In 1860, after a nine-year engagement, Rossetti married Elizabeth Siddal, the subject of many of his paintings and sketches. By the time of their wedding, however, she was obviously consumptive, and after two unhappy years of marriage, she died from an overdose of laudanum, a form of opium, which she had been taking regularly for her illness. In a fit of remorse and guilt, Rossetti buried the only manuscript of his poems with his wife. At the urging of friends, he finally allowed the manuscript to be exhumed in 1869. The following year, Rossetti published a collection titled Poems. This volume, which contains much of his finest work established Rossetti's reputation as a leading poet. Despite eliciting considerable praise from various sources, including his admiring associates Morris and Swinburne, the publication of Poems prompted the venomous attack of Robert Buchanan in his 1871 essay “The Fleshly School of Poetry.” Devastated by Buchanan's criticism, Rossetti became convinced that he was the object of an undeserved and insidious campaign. Although he continued his work as a translator and poet, Rossetti's subsequent dependence on whiskey and the sedative drug chloral to alleviate his anxiety and insomnia precipitated a gradual decline in health that ended with his death in 1882 at the age of fifty-four.

Major Works

Rossetti's early romantic ballad “The Blessed Damozel” is characteristic of much of his later poetry, with its sensuous detail and theme of lovers parted by death who long for reunion. The 1870 volume Poems includes the verses “Eden Bower,” “The Stream's Secret,” and “Sister Helen,” the last of which is regarded as one of the finest nineteenth-century literary ballads. This work also contains versions of “Jenny,” which centers on a young and thoughtless prostitute, and “The Burden of Ninevah,” an acutely pessimistic poem aimed at the enduring faults of civilization. The influence of Rossetti's painting is felt throughout Poems.
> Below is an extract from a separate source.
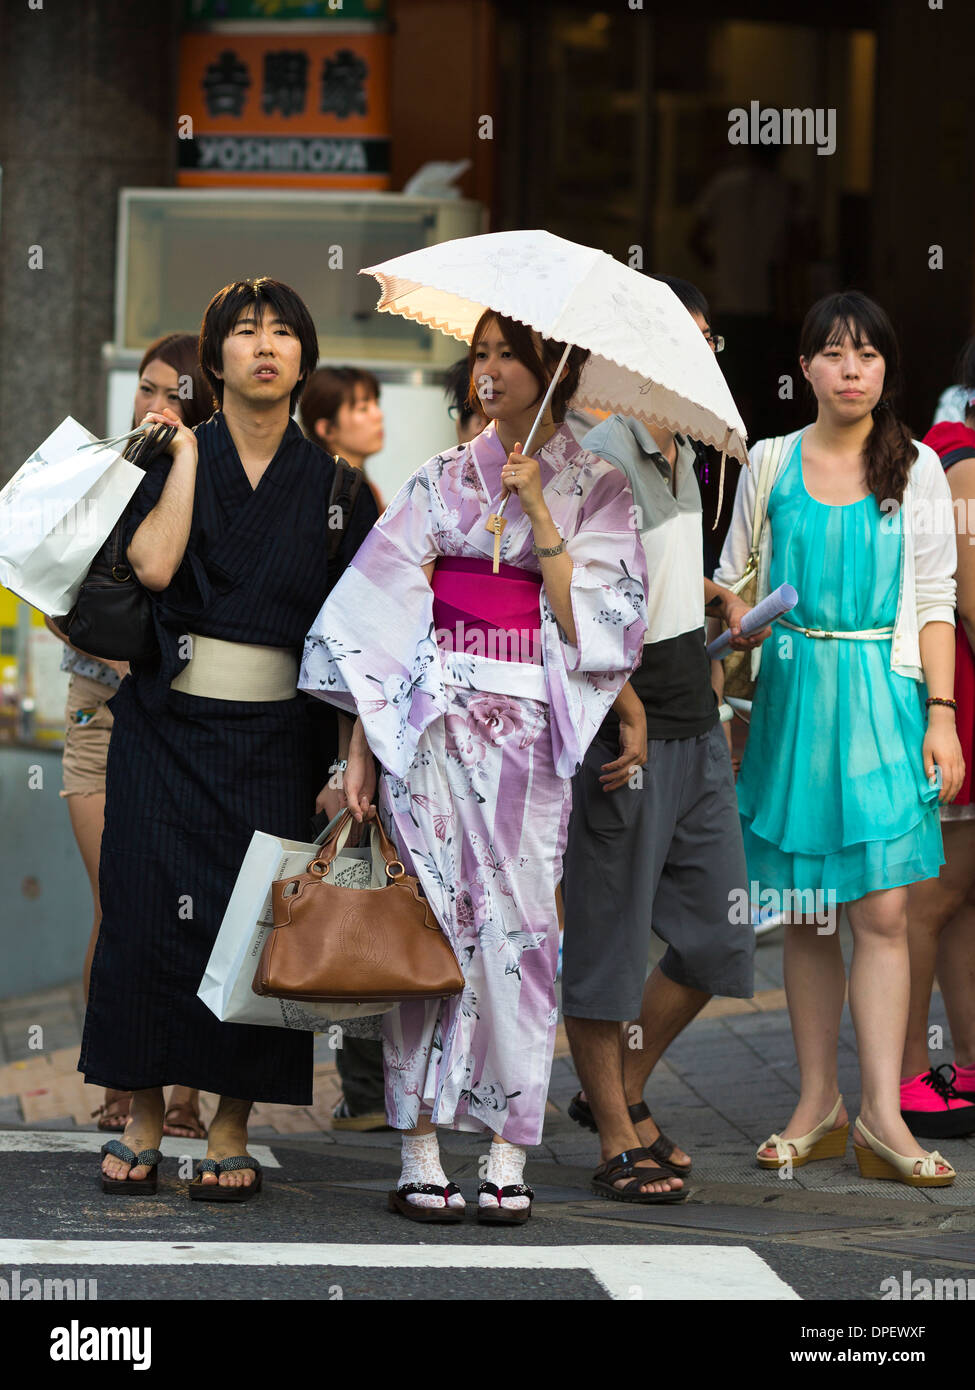 Il popolo giapponese vestito tradizionalmente con un kimono per la donna e yukata per l'uomo, Tokyo (Harajuku), Giappone Foto Stock

Just as his literary background prompted his choice of mythological, allegorical, and literary subjects for his paintings, his love of detail, color, and mysticism shaped much of his poetry. Rossetti's second collection, Ballads and Sonnets (1881), contains the completed version of “The House of Life,” a sonnet sequence primarily devoted to themes of love, which many critics praise as evidence of Rossetti's mastery of the sonnet form. Ballads and Sonnets also included the passionate, melancholy poems of Rossetti's last years and the historical ballad “The King's Tragedy,” a blend of romantic and literary themes reminiscent of his earlier “Dante at Verona.”

Critical Reception

Most of the positive criticism of Rossetti's poetry during his own lifetime was subsequently overshadowed by Buchanan's essay, “The Fleshly School of Poetry,” in which he claimed that Rossetti's only artistic aim was “to extol fleshliness as the distinct and supreme end of poetic and pictorial art; to aver that poetic expression is greater than poetic thought, and by inference that the body is greater than the soul, and sound superior to sense.” After his death, Rossetti's works suffered from critical neglect. Until relatively recently, few critical studies of his poetry were published. However, with the renewed interest in Pre-Raphaelitism, numerous new assessments have appeared. By the latter half of the twentieth century, critics had begun to focus on the cultural and ideological components of Rossetti's verse, particularly on the implications of the erotic, sensuous, and feminine elements in his writing. Modern critics also have recognized Rossetti as a distinguished artist and verbal craftsman whose work greatly influenced such notable contemporaries as Morris and Swinburne, as well as the Aesthetes and Decadents of the later nineteenth century.